Two kinds of LLS three phase systems were established using MWCNTs/OMCS as additive to check the suitability of MWCNTs/OMCS in HSCCC. One based on n-hexane–ethyl acetate–methanol–water (5 : 6.5 : 5 : 6.5, v/v/v/v) and the other on chloroform–methanol–water (4 : 3 : 2, v/v/v). Fig. 4 shows the suspension of MWCNTs/OMCS when established in the lower phase (aqueous phase) of n-hexane–ethyl acetate–methanol–water (Fig. 4A) and in the upper phase (aqueous phase) of chloroform–methanol–water biphasic solvent system (Fig. 4B), respectively. From Fig. 4, we can know that MWCNTs/OMCS can only suspend in the phase containing water, so MWCNTs/OMCS is fit to be used as the additive of HSCCC. Moreover, a major advantage of MWCNTs/OMCS is its chemical and thermal stability, which is benefit for HSCCC separation.

Fig. 4 Liquid–liquid/solid three-phase systems. (A) n-Hexane–ethylacetate–methanol–water (5 : 6.5 : 5 : 6.5, v/v/v/v) with MWCNTs/OMCS (1.0 mg mL⁻¹) in aqueous phase. (B) Chloroform–methanol–water (4 : 3 : 2, v/v/v) with MWCNTs/OMCS (1.0 mg mL⁻¹) in aqueous phase.
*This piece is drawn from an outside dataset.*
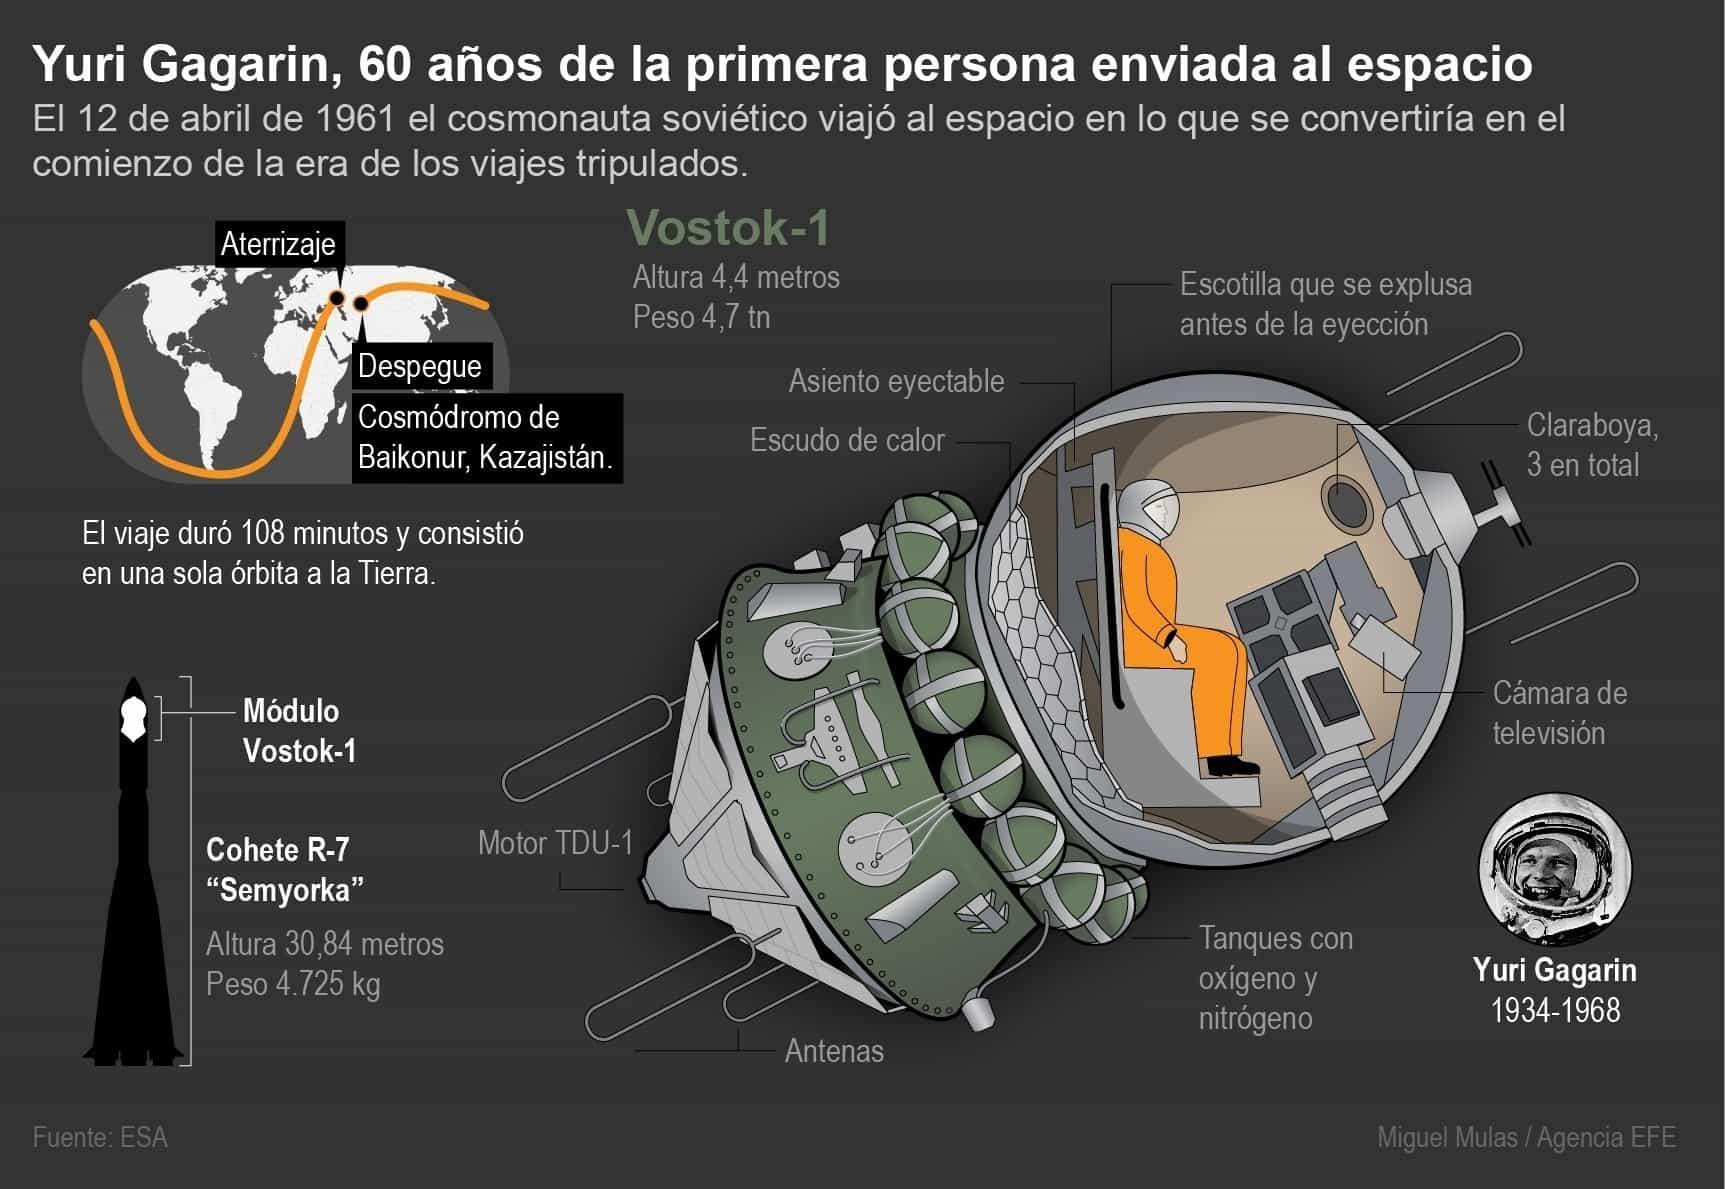 [Infografía] - Gagarin El hombre que hace 60 años salió al espacio 2

3.2 Selection of solvent system and other conditions of HSCCC

Some requirements must be satisfied when a solvent system is considered as a candidate for HSCCC separation: (a) the ideal partition coefficient (K) values of target compounds should be in a proper range (usually between 0.5 and 2.0);²⁰ (b) the separation factor (α = K₁/K₂, where K₁ > K₂) should be greater than 1.5, so two compounds can be separated well;²¹ (c) the settling time of biphasic solvent system should be shorter than 20 s, which is vital for the stationary phase retention;²¹ (d) the retention of stationary phase has quite direct relation with peak resolution: good stationary phase retention usually generates good resolution.²² In our previous research, the partition coefficients of flavonol aglycons (Fig. 5) were measured in biphasic solvent systems composed of n-hexane–ethyl acetate–methanol–water with different volume ratios. At last, n-hexane–ethyl acetate–methanol–water at a volume ratio of 5 : 6.5 : 5 : 6.5 which had suitable K values was chosen as the solvent system.¹⁰ This solvent system was still used in this present study.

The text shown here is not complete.